Phenoscape data repository

From phenoscape
Revision as of 16:24, 12 March 2009 by Crk18 (talk | contribs) (New page: The Phenoscape data repository is a relational database, which holds phenotypic data from the model organism ''Danio Rerio'' (Zebrafish) and the evolutionary organisms belong to the clade ...)
(diff) ← Older revision | Latest revision (diff) | Newer revision → (diff)

The Phenoscape data repository is a relational database, which holds phenotypic data from the model organism Danio Rerio (Zebrafish) and the evolutionary organisms belong to the clade of Ostariophysi. This page describes the schema of this data repository and outlines some data transformation techniques used to integrate data captured in different formats at different locations in this repository.

Data Repository

The Phenoscape data repository has been implemented as a PostgreSQL relational database, and at present housed on the development database server at NESCent.

Schema

The schema of the Phenoscape data repository is based on the Open Biomedical Database (OBD) data format developed at the Berkeley Bioinformatics Open-source Projects (BBOP). OBD is based upon the Resource Description Framework (RDF) format for capturing metadata about Web (and Semantic Web) resources such as Web pages and Web services.

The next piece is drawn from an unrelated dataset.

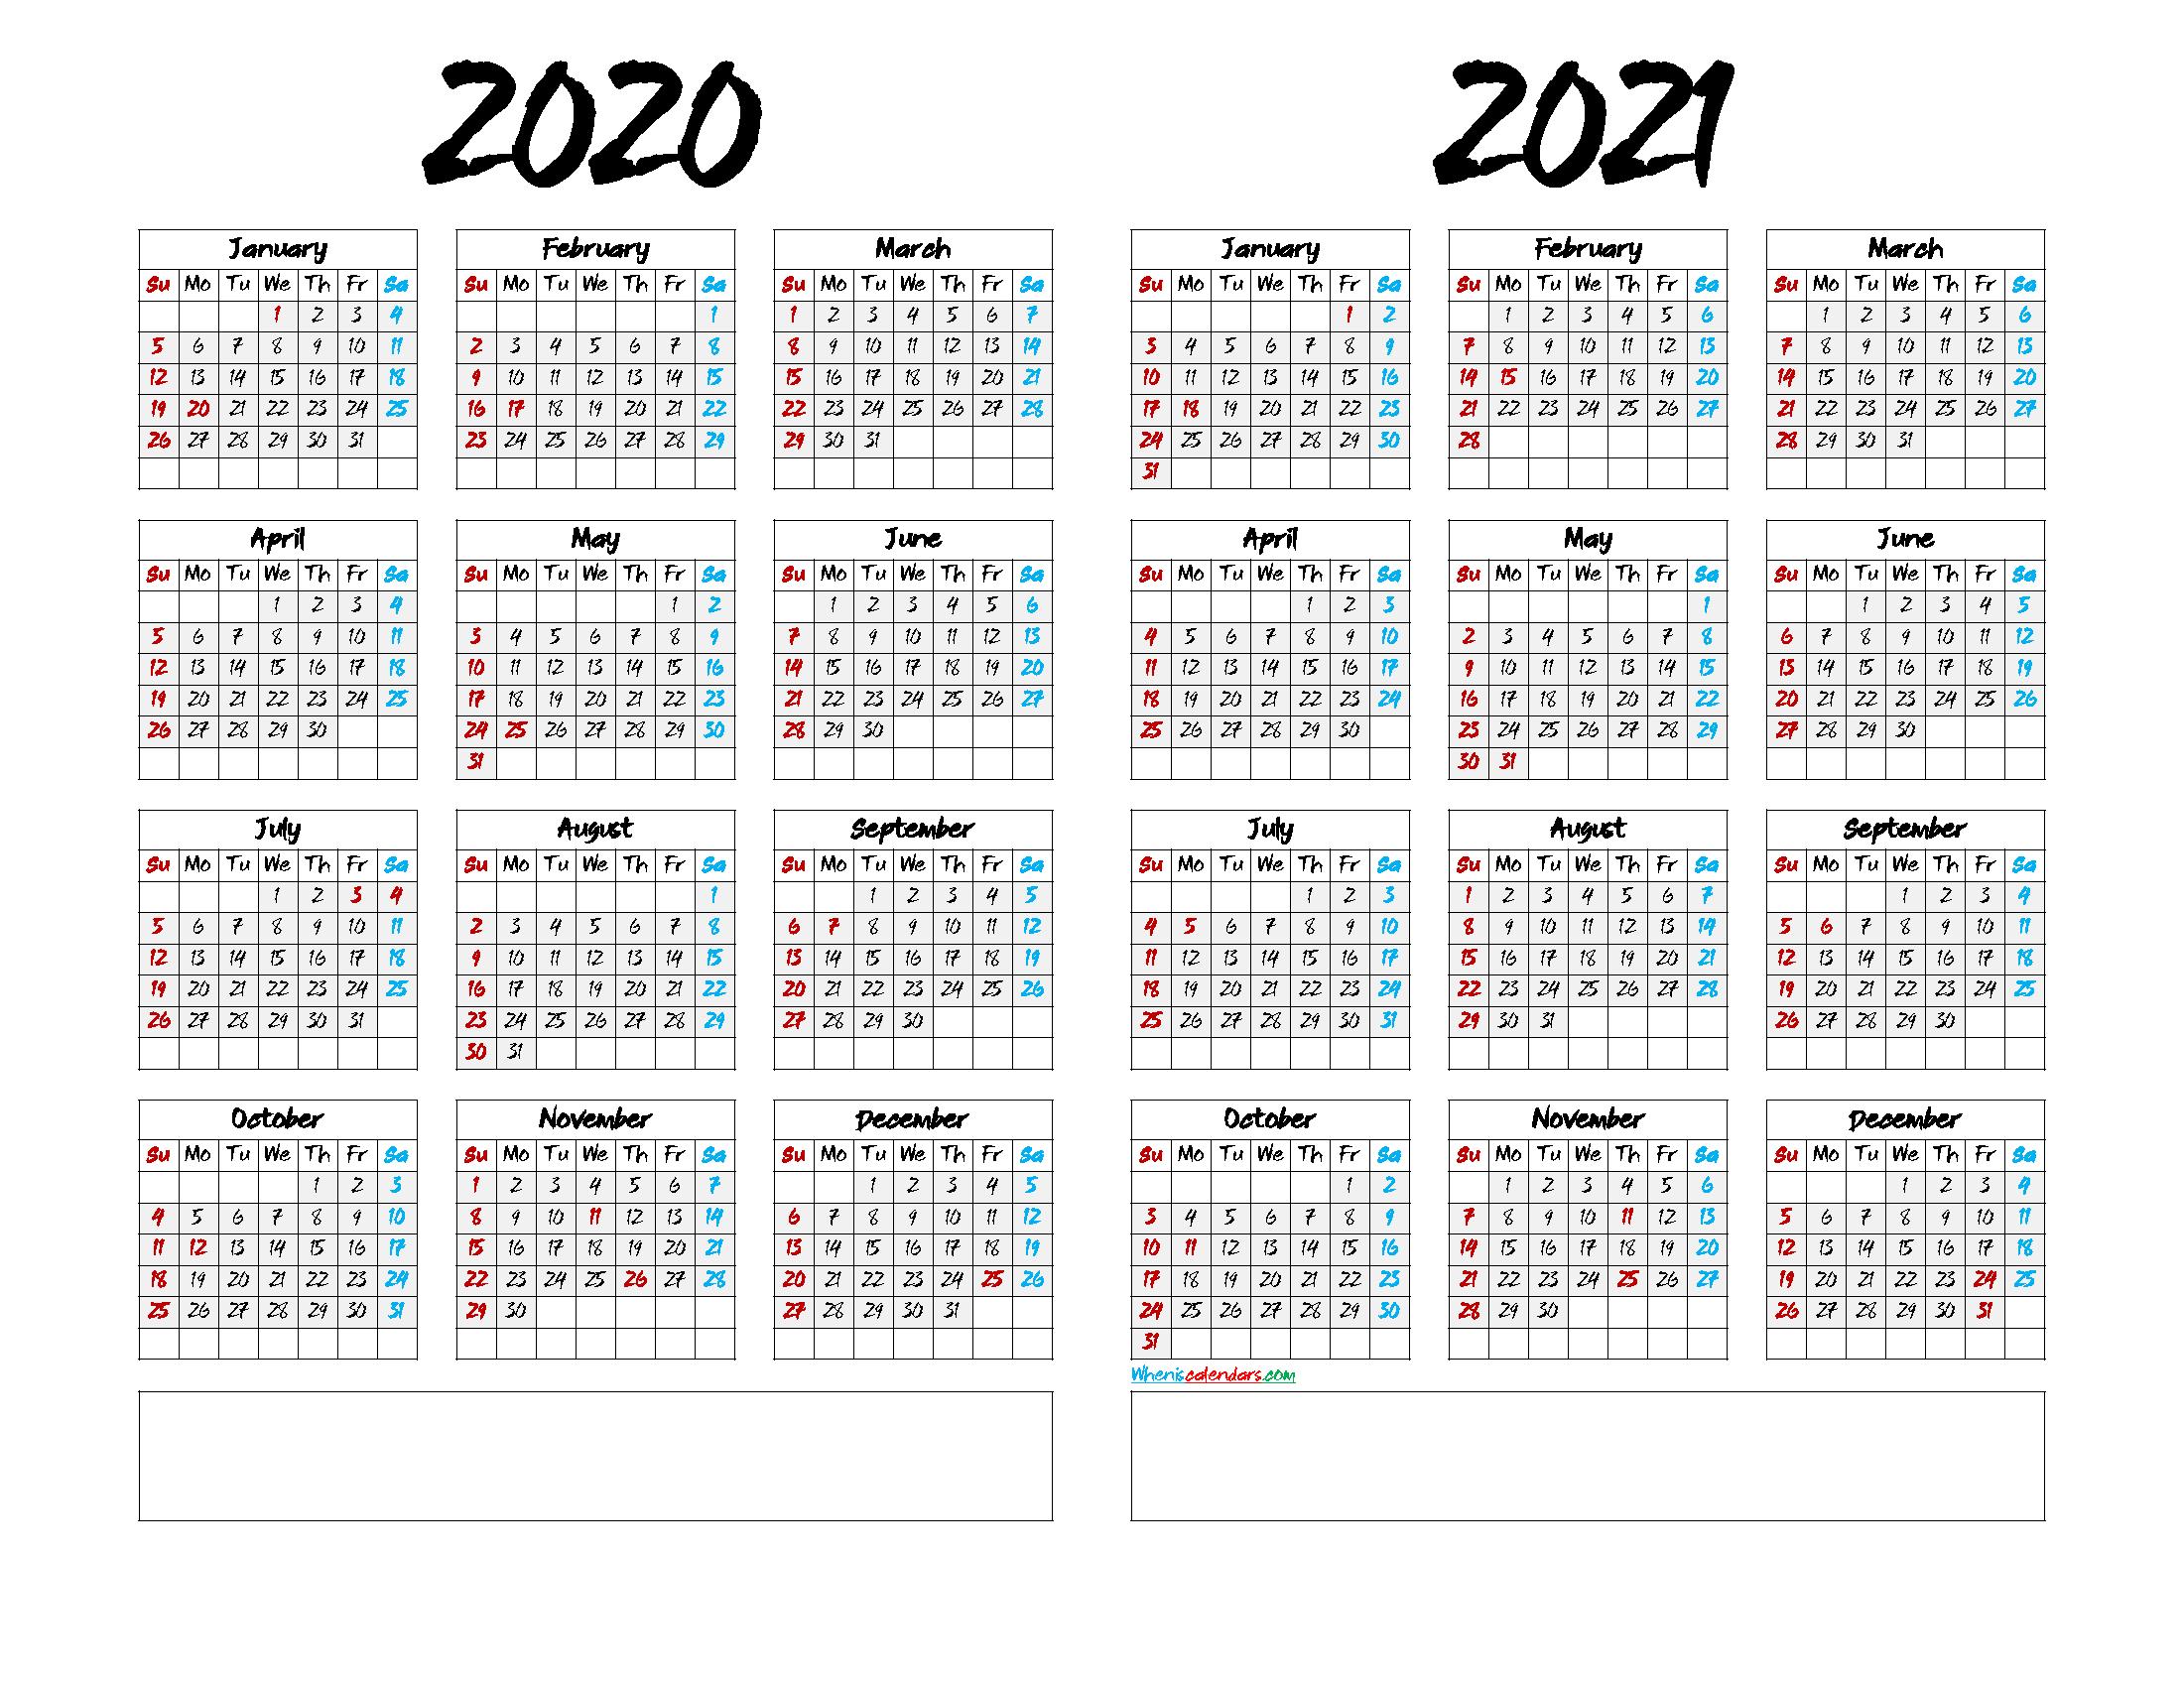 Printable 2020 and 2021 Calendar Landscape

The philosophy of OBD is to represent every conceptual entity, be it a type or a token (synonymously a class or an object, or a concept or an instance) as a Node. Binary relations between these nodes are represented as Statements, specifically Link Statements. OBD also allows for reification, which is vital to the life sciences with their emphasis on evidence codes and attributions. For this purpose, OBD provides Literal Statements to capture metadata about Nodes and Link Statements, such as the source publication, evidence codes, specimens used, and so forth.